An eye ball non-computing positioning touch method and system based on light guide film partition optical coding

Abstract

The application discloses an eye non-computing positioning touch method and system based on light guide film partition optical coding, and relates to the field of intelligent terminal optical interaction. The light guide film is a pure optical passive structure without a chip, a circuit, a power supply, and an electrical connection with a terminal. The film surface is pre-fabricated with a stealth optical partition with a micro-nano grating, each partition has a unique optical code and forms a hardware mapping table with a screen coordinate. Eye fixation causes a fixed angle and a light intensity peak signal in the corresponding partition, without AI computing and image recognition, the coordinate can be directly output, and the hardware weight distribution is realized through light intensity ratio interpolation in the overlapping area. The system can analyze the eye fixation selection, blinking click, and eye sliding instruction, and trigger a capacitance screen through light-induced micro-deformation pure physics, without applying for system permission and accessing API in the whole process.

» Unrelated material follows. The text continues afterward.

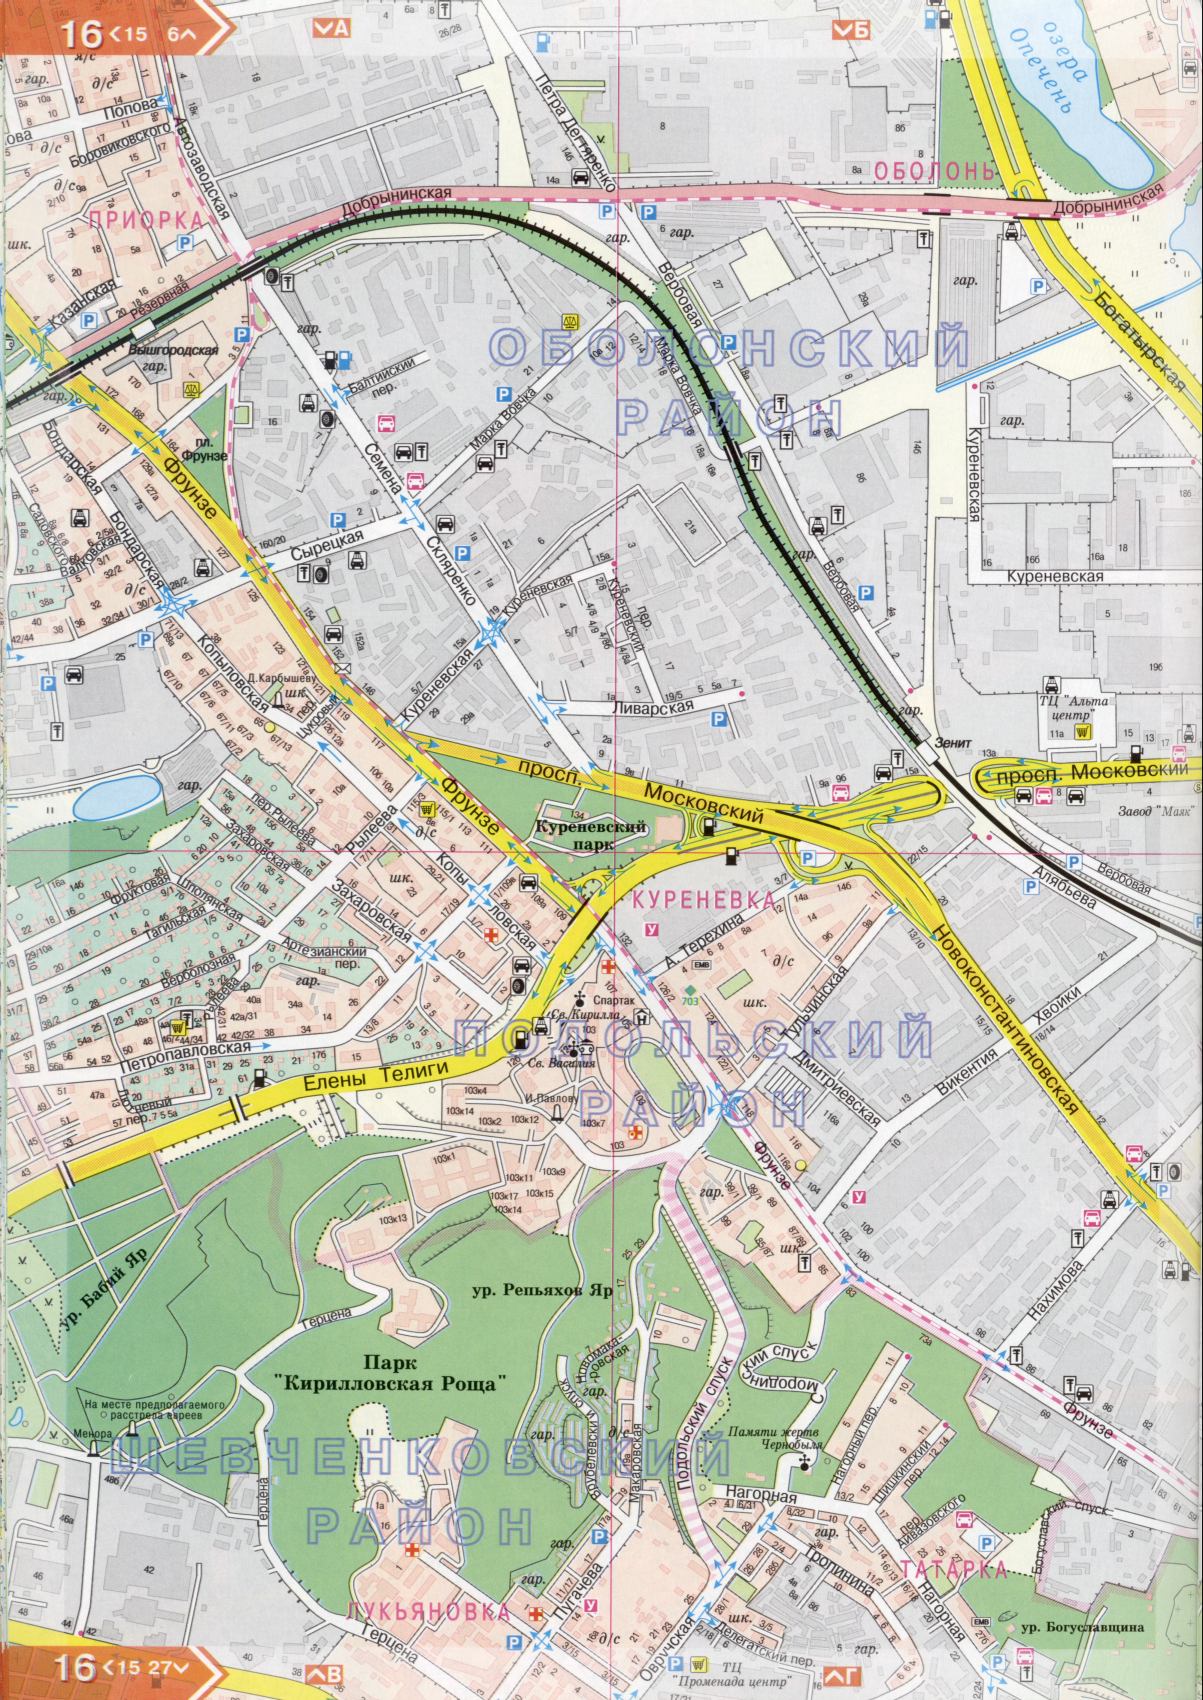 Kiev map details 1cm = 150m for 45 sheets. Map of Kiev from the atlas of highways. Download a detailed map, D1 - Podolsk district Kiev

The application realizes zero delay, no ambient light interference, and full platform compatibility, and has a simple structure, low cost, and easy mass production, and is suitable for full-scene eye non-contact touch in mobile phones, vehicles, folding screens, industrial control, and the like.

Description

Technical Field

[0001] This invention relates to the fields of optical interaction for smart terminals, eye-tracking touch control, hardware positioning without computation, and touch control without permissions. Specifically, it relates to a pure hardware implementation scheme that achieves direct eye-tracking positioning through built-in partitioned optical coding in a light guide film, and completes eye-tracking touch control without AI algorithms or image calculations. Background Technology

[0002] Existing eye-tracking and gaze control solutions generally rely on front-facing camera image acquisition, infrared illumination, iris / pupil feature recognition, and AI gaze fitting algorithms to achieve screen coordinate positioning, which has the following core drawbacks: 1. It relies on image recognition and algorithm calculation, resulting in high instruction latency, high power consumption, and susceptibility to failure under low light / strong light / ambient stray light conditions; 2. It requires complex hardware such as sensors, infrared light sources, and processing chips, resulting in high costs, complex structures, and limited compatibility; 3. Some solutions require obtaining system permissions and accessing underlying APIs, which may lead to privacy leaks, system bans, and poor cross-platform compatibility. 4. Pure optical interactive films only achieve simple light transmission and do not have eye positioning and command interpretation capabilities, so they cannot achieve direct eye-tracking control of the screen; 5. Positioning accuracy drops significantly in scenarios such as strabismus, lying down, prone vision, astigmatism, and eyeglass reflection, resulting in a poor user experience.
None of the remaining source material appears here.